Democratic lawmakers have long backed legislation to shift TSA screeners to Title 5, a category that covers much of the federal workforce and also guarantees access to whistleblowers protection and the general schedule salary plan.
Rep. Bennie Thompson (D-Miss.), the chairman of the House Homeland Security Committee, hailed the move. "I commend the Biden administration for taking decisive action to improve conditions for the TSA workforce," Thompson said in a statement. "TSA frontline officers have been grossly underpaid and denied basic workplace rights for far too long."
Republicans have said they are reluctant to abandon the broad flexibility the TSA administrator currently has over the agency's personnel management system.
The American Federal of Government Employees represents TSA screeners, who currently have some bargaining rights but all those afforded to most feds.

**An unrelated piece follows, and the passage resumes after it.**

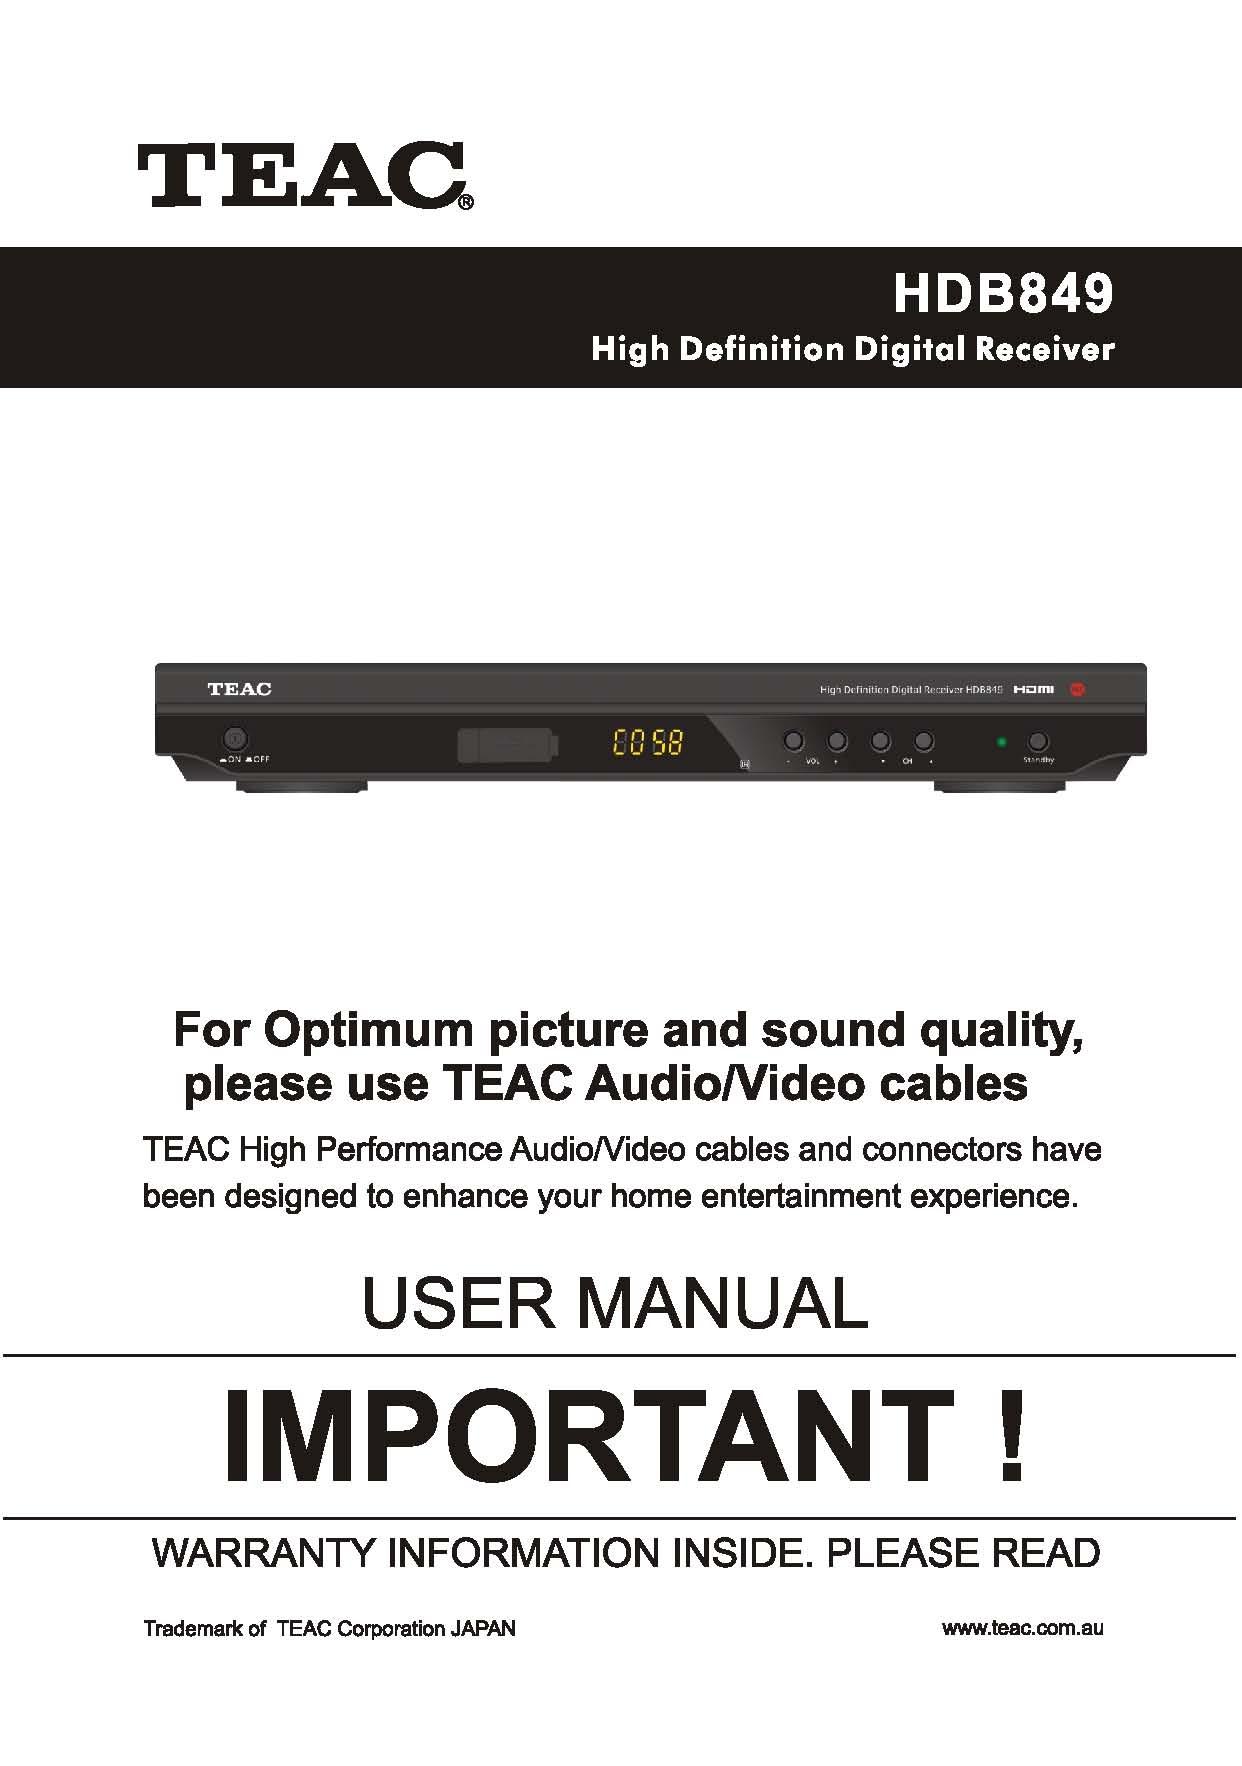 teac hdb849 user manual ...

TSA and AFGE will negotiate a new collective bargaining agreement, according to DHS' announcement of the changes. The agency says that the expanded union rights will be akin to those given to other agencies "while preserving TSA's ability to meet its critical security mission."
"This is a win for equity and a defeat for the inexcusable history of disparate treatment of TSOs," said AFGE national president Everett Kelley in a statement. "There has never been a reason to deny them the same union and civil service rights as their counterparts in other agencies."
Hydrick Thomas, president of AFGE's Council 100, which represents nearly 46,000 TSA officers nationwide, said that the changes will likely also help reduce turnover of TSA employees.
Although AFGE leaders cheered the win, they say that they're intent on continuing to support the bill that would move frontline TSA workers to Title 5 "so that no future TSA Administrator can undo the progress that Secretary Mayorkas is putting into place."